# Any advice? Hes ruining my life! UPDATE..YES IT GETS WORSE



## sweetsammi

Hey girlies, hope you're all doing ok! Need abit of advice from ya'll! As your're all probs aware, I've had nothin but probs with the x when it comes to his fathering skills! Basically since driving him around without a car seat and turning up 3.5 hours late, things arent much better. He calls me 2days before to let me know when he is taking Oliver...and will not give me a time until the night before! This is no good to me because I then cant make any arrangements so my day is buggerd! I also feel its unfair on Oli because I want him to be in a routine when it comes to seein his daddy. One day he will ask 'when is daddy coming mummy?' and i cant give him an answer! To be fair, my x works shifts and comes from Derby to see him...but he knows what he'll be working 4weeks n advance-yet doesnt tell me till 2days before. Its like he's waiting for a better offer. Basically, if his mates are off work he'll spend the day with them-otherwise he'll come see his son! Totally unfair and not on in my opinion. He doesnt even pick him up til 12 so its njot like i have a day to myself anyway. And Oli spends the day crying and refusing to eat because he doesnt know his dad!

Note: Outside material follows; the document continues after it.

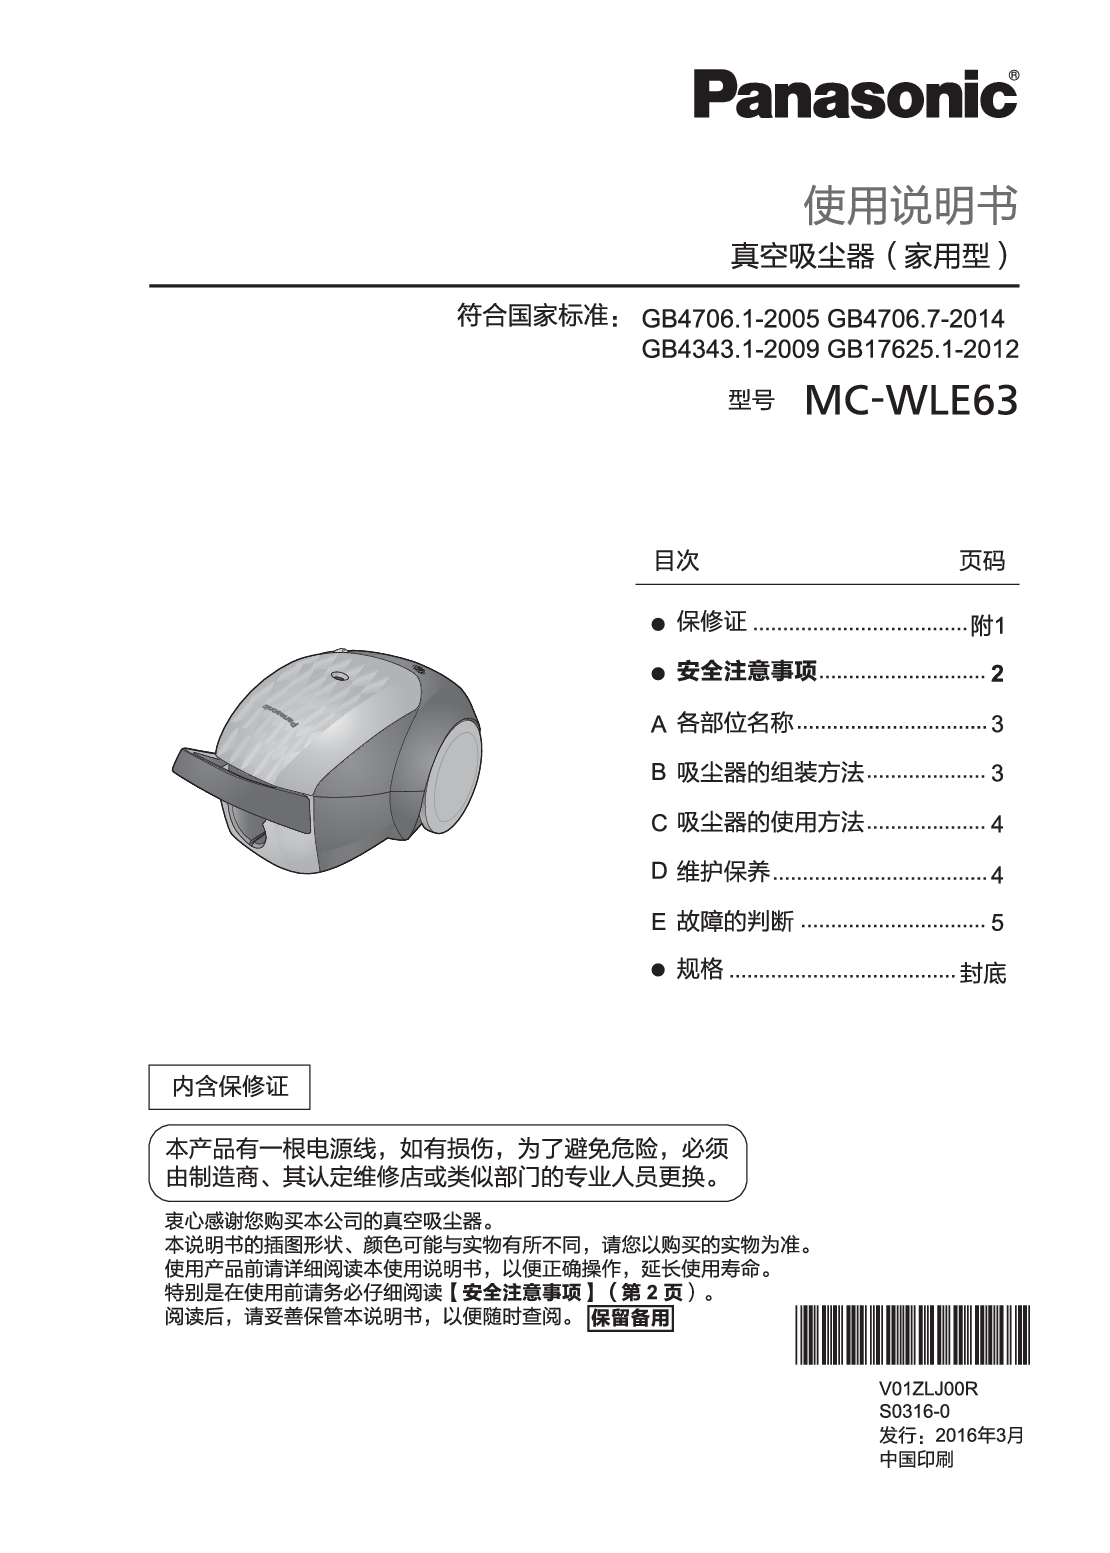 松下 Panasonic MC-WLE63 使用说明书 封面
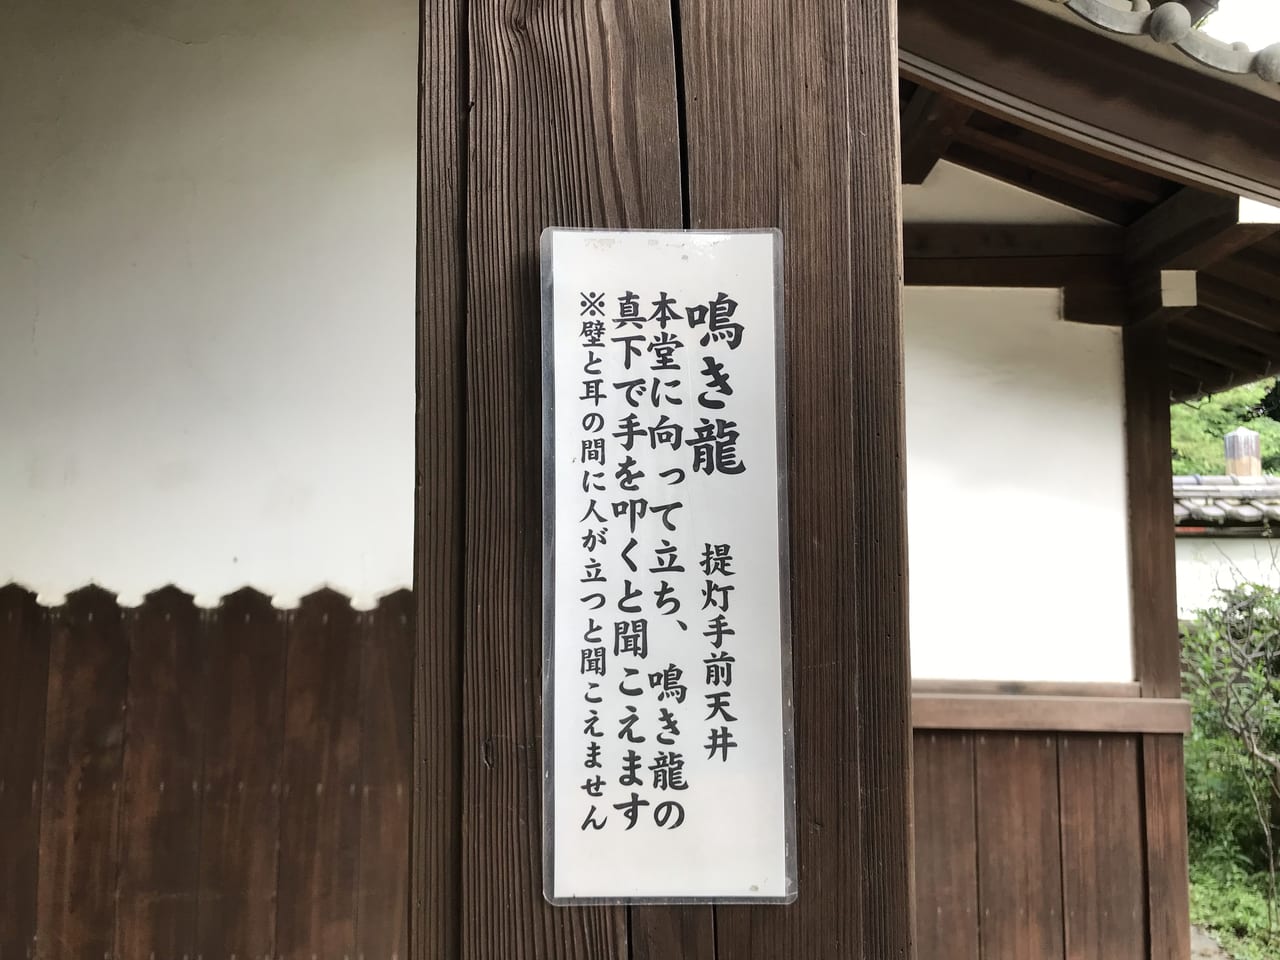 世田谷観音は正式名称世田谷山観音寺といい、どの宗派にも属さない単立寺院です。特攻観音堂もある祈りの場です。奈良県極楽寺に伝わる什物梵鐘があります。

Example: Yesterday he took Oli at 11:30, he said he'd bring him home at 5:00pm. I went to an open day at college..just as I got on the bus my x rang sayin Oli wouldnt stop crying and did i know why!? WTF? So i said well have u fed him his lunch? No he said...wheres his bloody common sence?? Anyway ten mins later he rings back sayin he wont eat, hes too distressed, is he always a mardy baby? Hell no, he v rarely cries for anythin i say, its because he doesnt know u, u are a stranger to him. I said have u given him some bonjella? 'oh is there some in his bag, i didnt think to look' he said. grrrrrr. In the end I walked out of the college because i knew he would just keep ringin n i knew he'd end up bringin him home early. Good job too because on my way home he called sayin whre are u? I said im out. He said Oh well thats just great because we're bringin him home soon! It was only 2pm. I could hear Oli crying. I asked if he was ok. He said he is fine its just that his mum (he was stayin there) had to go out at 5 and she'd forgort to she would need to drop Oli off soon. I basically said to him that that was not my problem, his mum knew she was goin out and he cant just swap and change times like that! It wasnt fair on me or Oli. I said id been in an important meetin and had to leave because he didnt know what he was doin with our son! its a good job i dnt have a life of my own isnt it i said. He said im being out of order! All i ask for is af few hours to myself, and i cant, i have to be on stanby evertime he has Oli. Its just not on, im so angry and upset, wish he wouldnt bother. I keep askin nicely would he please let me know in advance when hes coming and he never does. I feel like sayin we make an agreement of we'll let the courts decide! But i dont wana be a bitch! :hissy: Its just that he keeps sayin its not his fault, tht im being unreasonable and i just dnt want him to b a part of oli's lifer! not true at all!x


----------



## MummyJade

Hi Didnt want to read and run, ur not being unfair at all huni, all you are wanting is your son to have a relationship with his dad, that is understandable. And you should have time to yourself just because your a mum doesnt mean you cant live your life. 

hope something works out 4 you and your little boy

x


----------



## brownhairedmom

I would say the court thing, if nothing else but to scare him. He's being irresponsible. If I was in that situation, I'd probably say "well if you can't be a full time parent, you won't be a parent at all". But I'm spiteful like that.


----------



## sweetsammi

He makes me laugh. Hes the youngest person at his work place so everyone talks down to him and treats him crap..he now says 'you have to treat me with respect now, im not a boy, i'm a man, i'm a dad like the rest of u..' lmao. Sorry just had to share that because i think its hillarious. He needs to learn that it takes abit more to be a dad then simply donating sperm. He comes out with all this 'he's my son, i have rights' nonsence. and to me its like- well u lost that privellage the day you left us. Arrgh. x


----------



## ~ Vicky ~

Sam, just go through the courts hun. Between you and Ewan your priority is Oliver. It seems only one of you realise that. Oli is obviously going to pick up on everything that happens and it's not fair the way Ewan is acting. You're a fantastic Mum - from all the pictures i've seen of Oli he's one happy and healthy baby! It's only going to distress him more if it carries on this way.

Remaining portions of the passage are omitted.